Former summer capital of India likely to be renamed to end 'mental slavery' of British colonial era

The hilltop city of Simla, or Shimla, offered the British colonial government a cool break from the Indian summer - Hindustan Times
The hilltop city of Simla, or Shimla, offered the British colonial government a cool break from the Indian summer - Hindustan Times

The British colonial government’s former summer capital of Simla in India’s northern Himalayan region is likely to be renamed in a bid to free the town from the "oppressive" mental slavery of the past.  

The local branch of prime minister Narendra Modi's Hindu nationalist party, the BJP, wants to rechristen the picturesque hill town established by the British in 1864, after the Hindu goddess Shyamala Devi.

“Before the British arrived Simla was known as Shyamala” Himachal Pradesh state chief minister Jai Ram Thakur said over the weekend. "My government will seek public opinion on the demand to revert to this name," he added.

Other hard-line right wing organisations aligned with the BJP like the Vishwa Hindu Parishad (VHP) or World Hindu Council, are also demanding Simla’s renaming.   

“Sticking to names (of places) given by (British) oppressors is a sign of mental slavery” said state VHP head Aman Puri. "Changing their names is a small but significant step in renouncing it (servitude)," he added.

Opposition parties said the local government should focus on alleviating Simla’s chronic water shortages and rising unemployment - Credit:  AFP
Opposition parties said the local government should focus on alleviating Simla’s chronic water shortages and rising unemployment Credit: AFP

In recent years the federal and provincial BJP governments have launched a countrywide drive to rename several towns in a bid to resurrect India’s Hindu past.

Earlier this month the BJP government in northern Uttar Pradesh state renamed the holy town of Allahabad located on the banks of the Ganges river as Prayagraj, the ‘purer’ Hindu name it was known by over 500 years earlier.

Around 19 of 29 Indian provinces ruled directly by the BJP or in coalition with regional parties are considering similar name changes to project a more Hindu character to urban India.

Mr Puri, of Simla's VHP, said he was of the view that the British had a problem pronouncing Shyamala and changed its name to Simla, which endured till well after Indian independence in 1947.  

In January 1972, as part of the reorganisation of Indian provinces Simla became Shimla and the 7,400 feet high Himalayan town has been known that way ever since.

The VHP is also demanding that the equally charming, but smaller hill town of Dalhousie, 200 miles north, which is named after a Scottish marquis who served as India’s governor General from 1848 to 1856, be renamed. The VHP wants it to be named after Subhash Chander Bose, a well-known Hindu anti-British revolutionary.

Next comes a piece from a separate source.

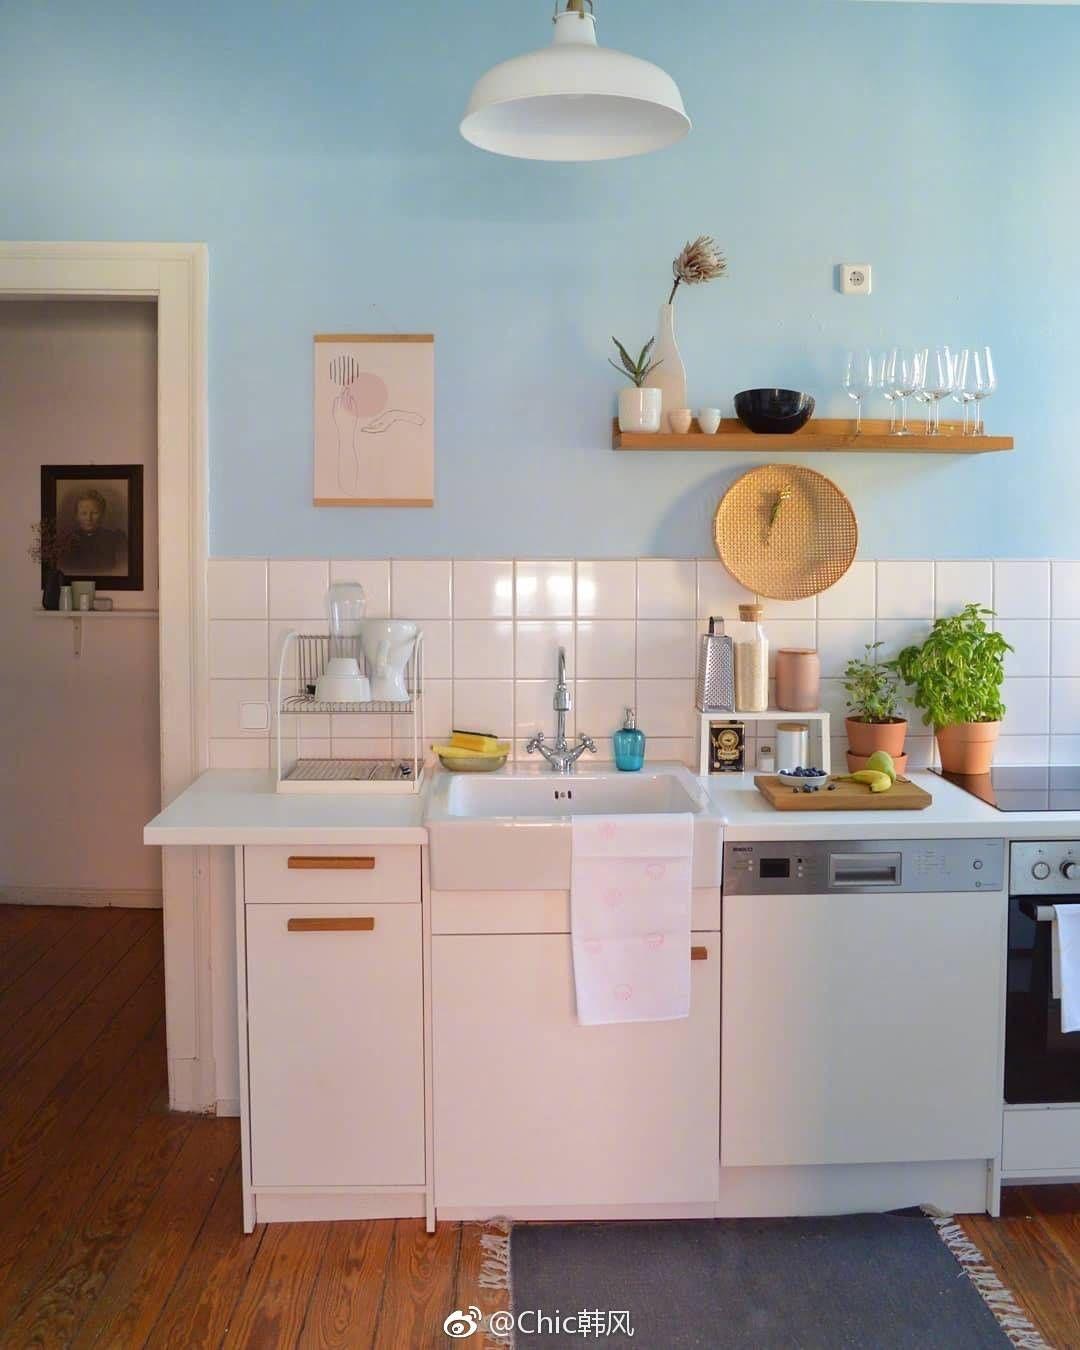 Zimmer im griechischen stil pin by yan on moodboard home  pinterest

Similarly, they want the grand former residence of British Governors General and Viceroys, now the state-run Hotel Peterhoff, in Simlato to be named after the 5th century poet Valmiki, who wrote the Hindu epic Ramayana.

But the Opposition Congress Party that headed the Himachal’s provincial government until late last year, and opposed Shimla’s re-christening, has ridiculed plans to change its name.

“The focus should be on resolving Shimla’s myriad problems like its chronic water shortages and rising unemployment and not on changing its name,” Congress Party spokesman Naresh Chauhan said.